Jacobson radical - Integral extension

Question

Let $A\subseteq B$ be an integral extension.

Question is to prove that :

Jacobson radical of $A$ is the contraction of Jacobson radical of $B$.

Let $a\in J(B)\cap A$ and $y\in A$. To prove that $1+ay$ is a unit in $A$.

As $a\in J(B)$ and $y\in A\subseteq B$, $1+ay$ is a unit in $B$. As $a\in A,y\in A$, we have $1+ay\in A$.

$1+ay\in A$ is a unit in $B$. As $A\subseteq B$ is integral, this means that $1+ay$ is a unit in $A$.

Thus, $1+ay$ is a unit in $A$ for all $y\in A$. Thus, $a\in J(A)$. So, $J(B)\cap A\subseteq J(A)$.

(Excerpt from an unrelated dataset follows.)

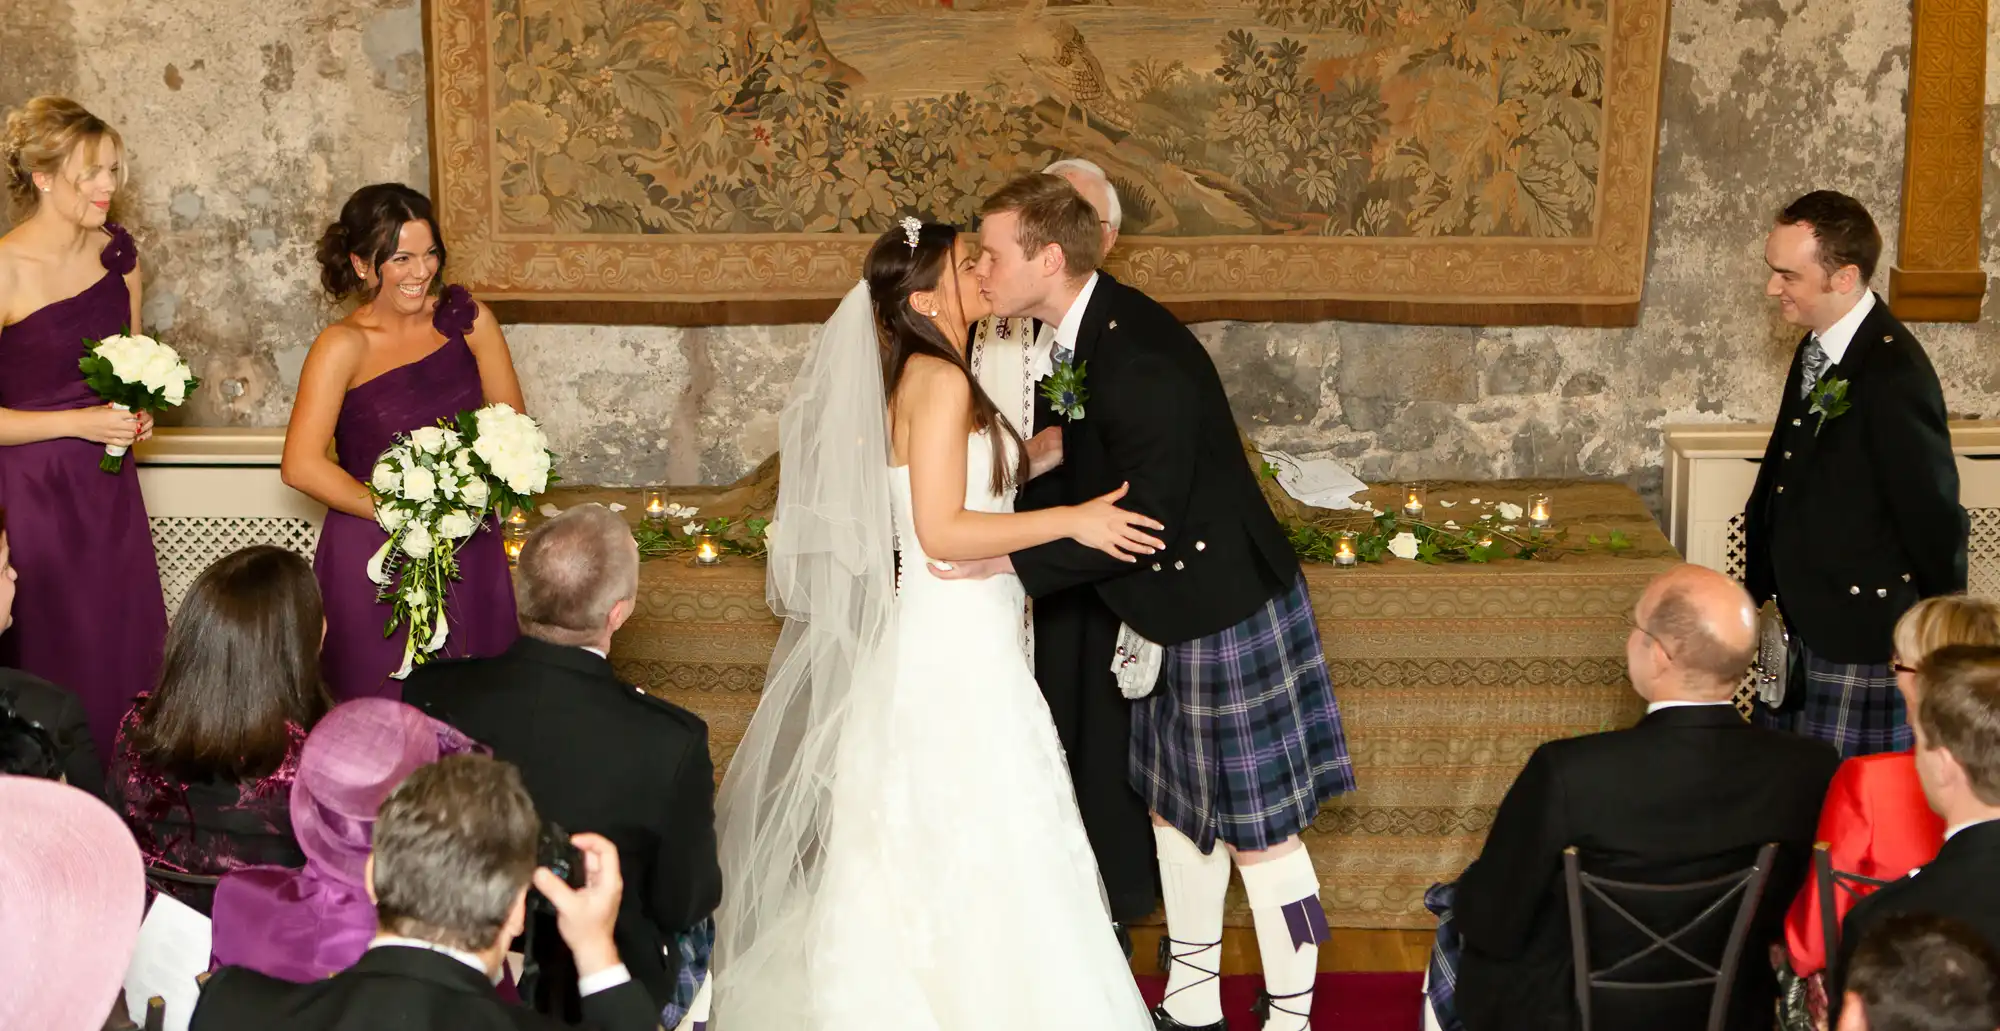 A bride and groom kissing at their wedding ceremony, with the groom wearing a kilt. bridesmaids in purple dresses and guests are watching.

It remains to prove that $J(A)\subseteq J(B)\cap A$. I was expecting that for any ring extension $A\subseteq B$, we have $J(A)\subseteq J(B)$. But then, I realized it is not true in general.

Let $R$ be an integral domain whose Jacobson radical is non zero and $K$ be its field of fractions. Then $R\subseteq K$ is a ring extension and $0\neq J(R)$ where as $J(K)=0$ so, $J(R)\nsubseteq J(K)$.

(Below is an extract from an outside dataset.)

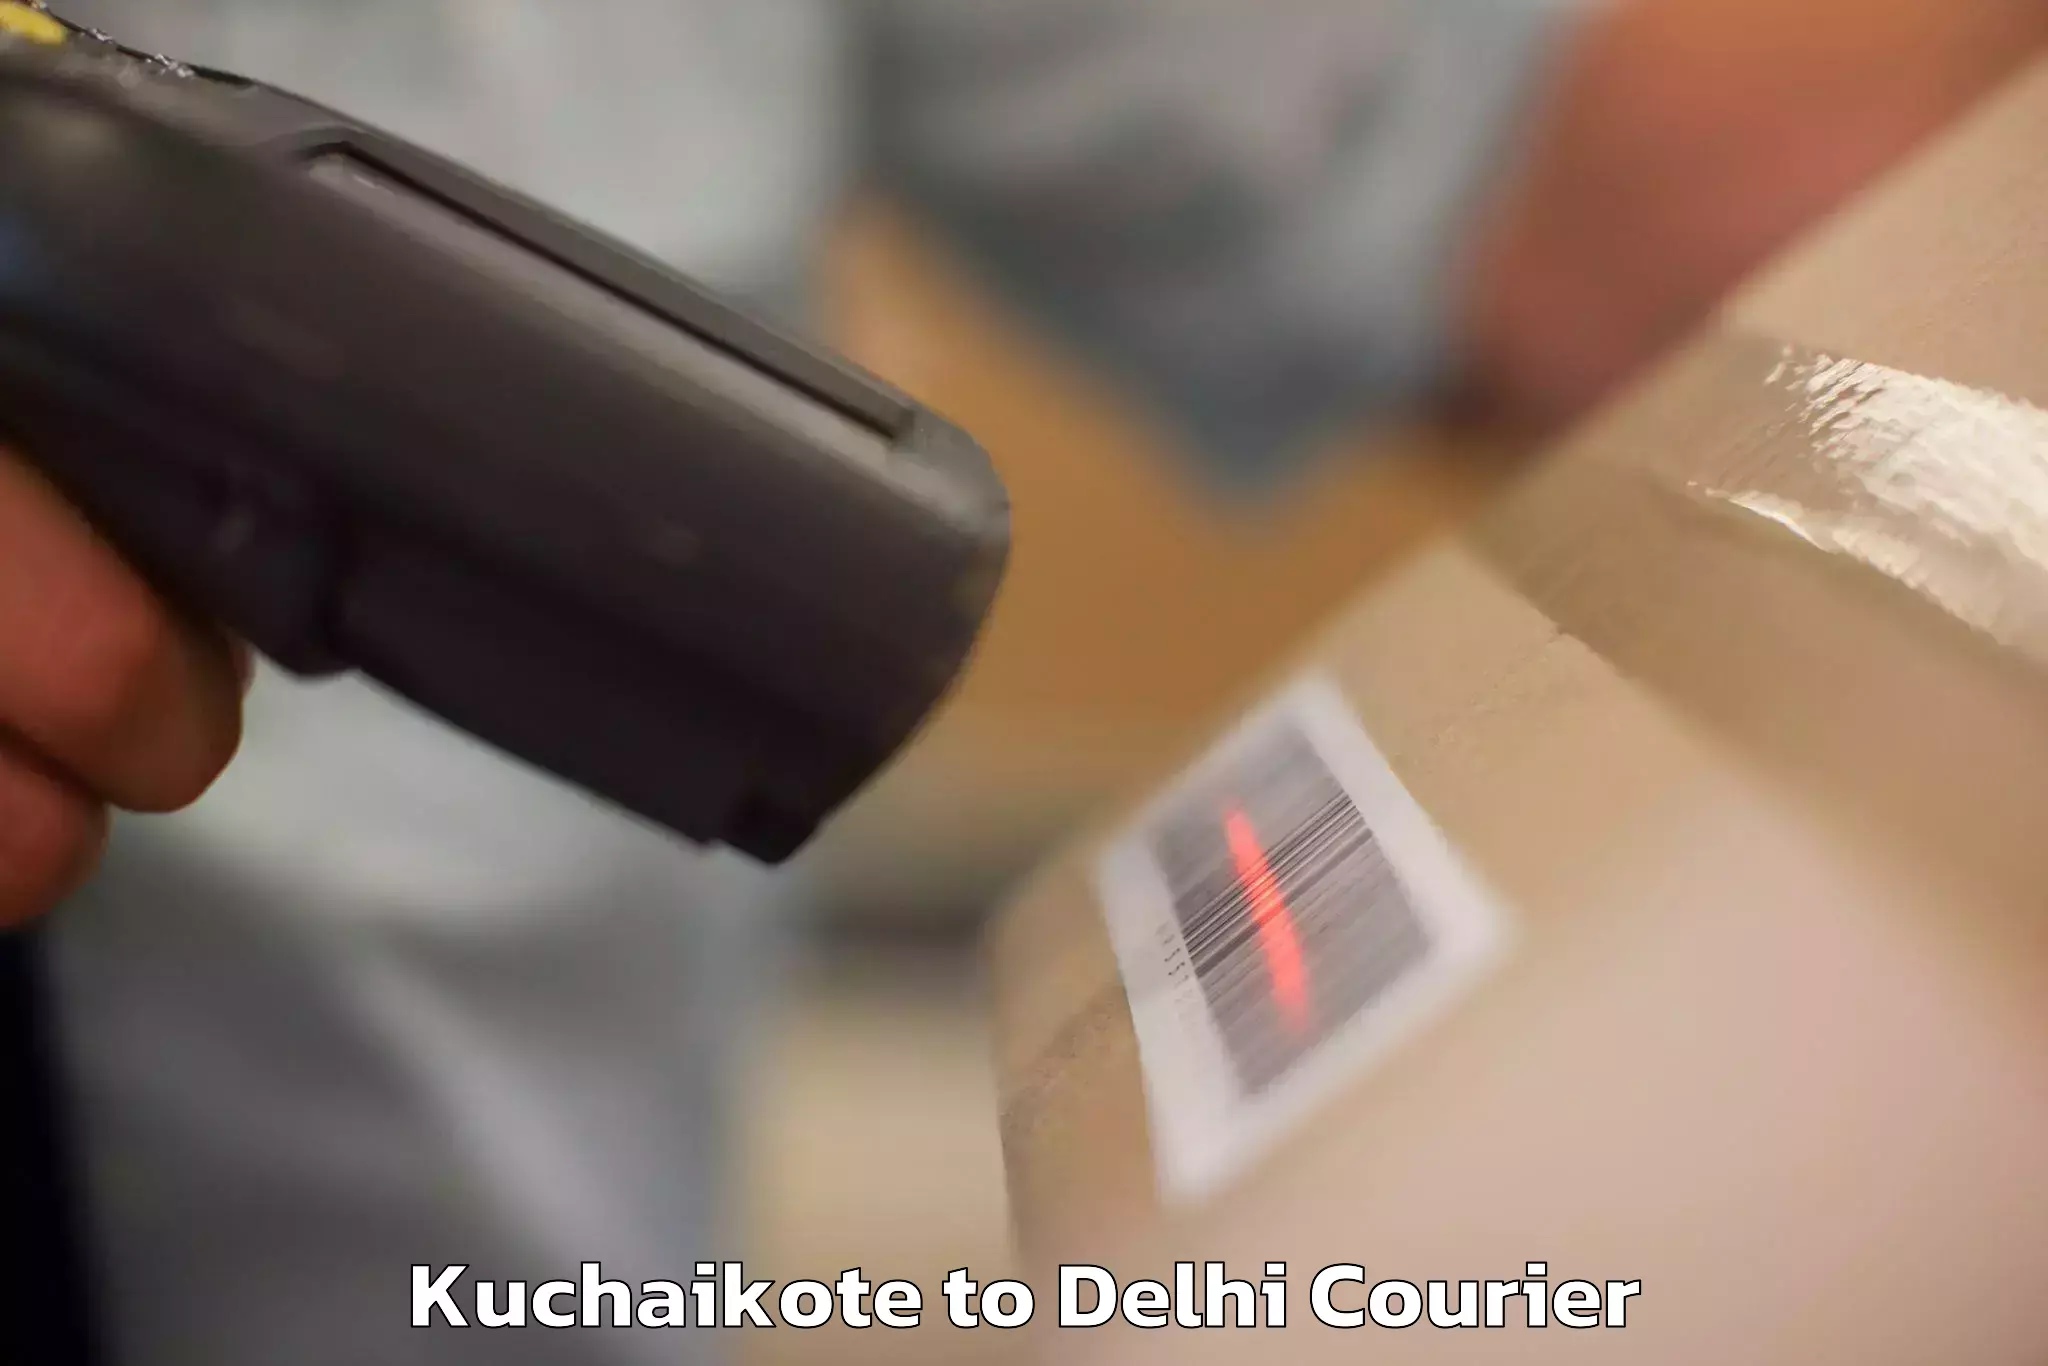 Baggage relocation service Kuchaikote to NCR

Let $a\in J(A)$ and I have to prove that $a\in J(B)$ i.e., $1+ay$ is a unit in $B$ for each $y\in B$.

Let $y\in B$. As $B$ is integral over $A$ there exists $a_1,\cdots,a_n\in A$ such that $$y^n+a_1y^{n-1}+\cdots+a_n=0.$$

We know that $1+a_ix$ is a unit in $A$ for every $1\leq i\leq n$. I am not able to use this to conclude that $1+ay$ is a unit in $B$.

Any hint is welcome. Please do not post full answer.

Answer 1

Sorry, I found it easiest to prove without considering elements.

Recall that $$ J(B) = \bigcap_{\mathfrak{m} \trianglelefteq B \ \text{maximal}} \mathfrak{m} \, . $$

We can prove the claim using two basic results about integral extensions. I refer to their numbers in Atiyah-MacDonald.

Corollary 5.8. Let $A \subseteq B$ be rings, $B$ integral over $A$; let $\mathfrak{q}$ be a prime ideal of $B$ and let $\mathfrak{p} = \mathfrak{q}^c = \mathfrak{q} \cap A$. Then $\mathfrak{q}$ is maximal iff $\mathfrak{p}$ is maximal.

Moreover, every maximal ideal of $A$ is the contraction of a maximal ideal of $B$ by Lying Over (Theorem 5.10) and the above corollary. Can you take it from here?

Letting $i: A \hookrightarrow B$ be the inclusion, then \begin{align*} J(B)^c = i^{-1}\left(\bigcap_{\mathfrak{m} \trianglelefteq B \ \text{maximal}} \mathfrak{m}\right) = \bigcap_{\mathfrak{m} \trianglelefteq B \ \text{maximal}} i^{-1}\mathfrak{m} = \bigcap_{\mathfrak{n} \trianglelefteq A \ \text{maximal}} \mathfrak{n} = J(A) \, . \end{align*}

Perhaps you can translate the proof above into a statement about elements, since Corollary 5.8 is equivalent to your statement $1 + ay$ is a unit in $B$ iff it is a unit in $A$.